How Does Timeshifter work?
Your body works according to its own internal clock, something called a circadian rhythm, influenced by your sleep patterns and exposure to natural light. Normally, it finds its own equilibrium with our local clocks, but when you abruptly find yourself in a new time zone, your circadian rhythm is all out of whack.
It takes a while to adjust gradually over the next few days. Larger differences in time take longer. In the meantime, this jet lag can make you feel nauseous and overly tired. It’s not fun, and it can put a damper on a vacation.
Timeshifter works by taking all the work out of determining how you should adjust your sleep schedule in the days leading up to your trip. You input your flight details, including your departure date, starting location, and destination. Then you put in when you normally go to bed, and for how long you typically sleep each night.
The app then comes up with a schedule that tells you that X number of days before you leave, you should go to bed at Y time. Then the next day, a little earlier. And so on. It builds out an entire sleep schedule for you to follow so that your body’s circadian rhythm begins adjusting before you even arrive at the airport. When you land in your destination, jet lag is minimized because you’re already adjusted to the time difference.

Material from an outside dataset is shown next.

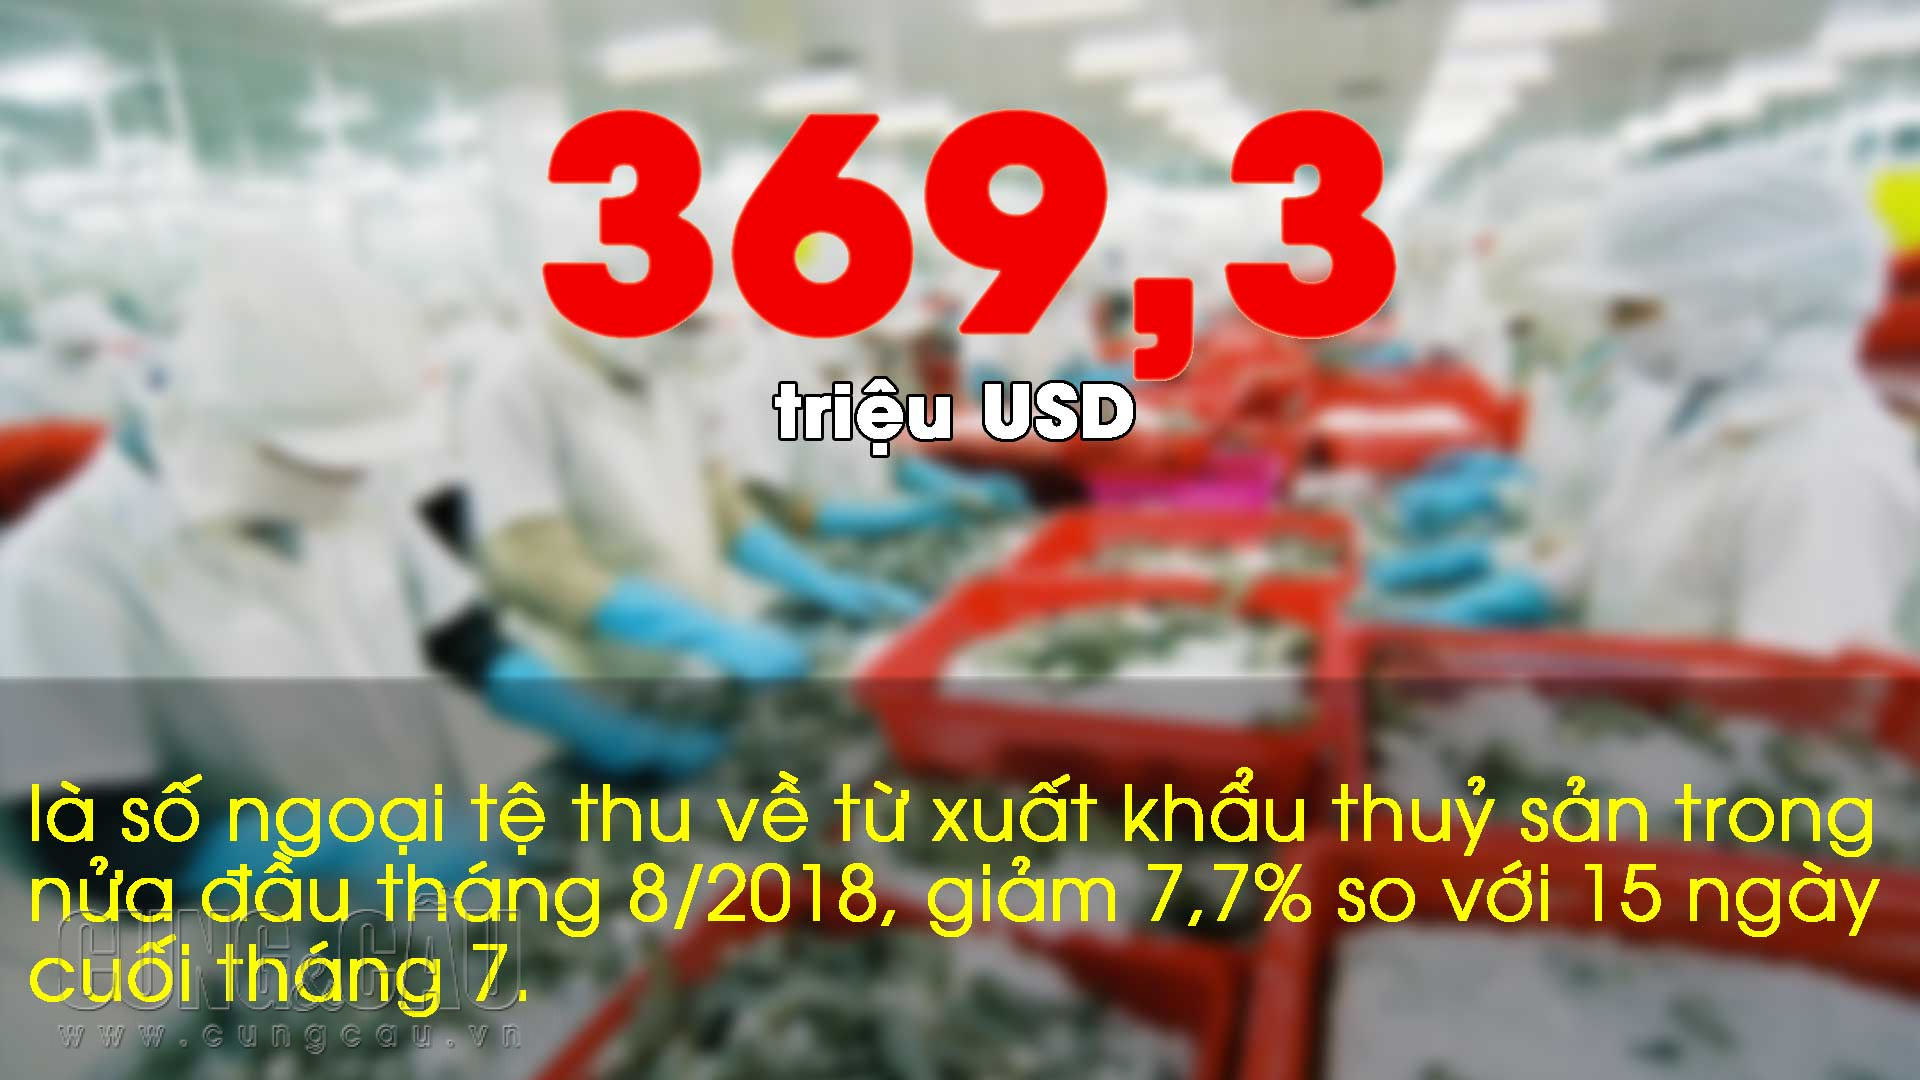 Những con số ấn tượng trong tuần: 25.000 tỷ đồng đầu tư mở rộng sân bay Tân Sơn Nhất

Did it work? It didn’t set off any gigantic light bulb moments for me, but then again, I was waking up a decent-for-me time of 9 a.m. local time in Amsterdam, something I’d never done on past trips. No nausea, no fatigue, and no uptake in the amount of caffeine I drank each day. It just took about a week of slowly shifting my bedtime earlier and earlier each day before I left New York.
Unlike a lot of free trials for, well, everything, Timeshifter doesn’t limit you to a particular length of time before it sticks its hand out and demands pay. You get one trip to try it out. That’s a split blessing. You get one complete trip out of it, so you get the app’s full effect for the duration, not some abbreviated version.
But then you only get the one trip. If you want to see how well it does at helping you adjust when you’re making the return journey on your trip back home, you’ll have to fork over either $10 per trip or $25 for an unlimited number of trips for a year.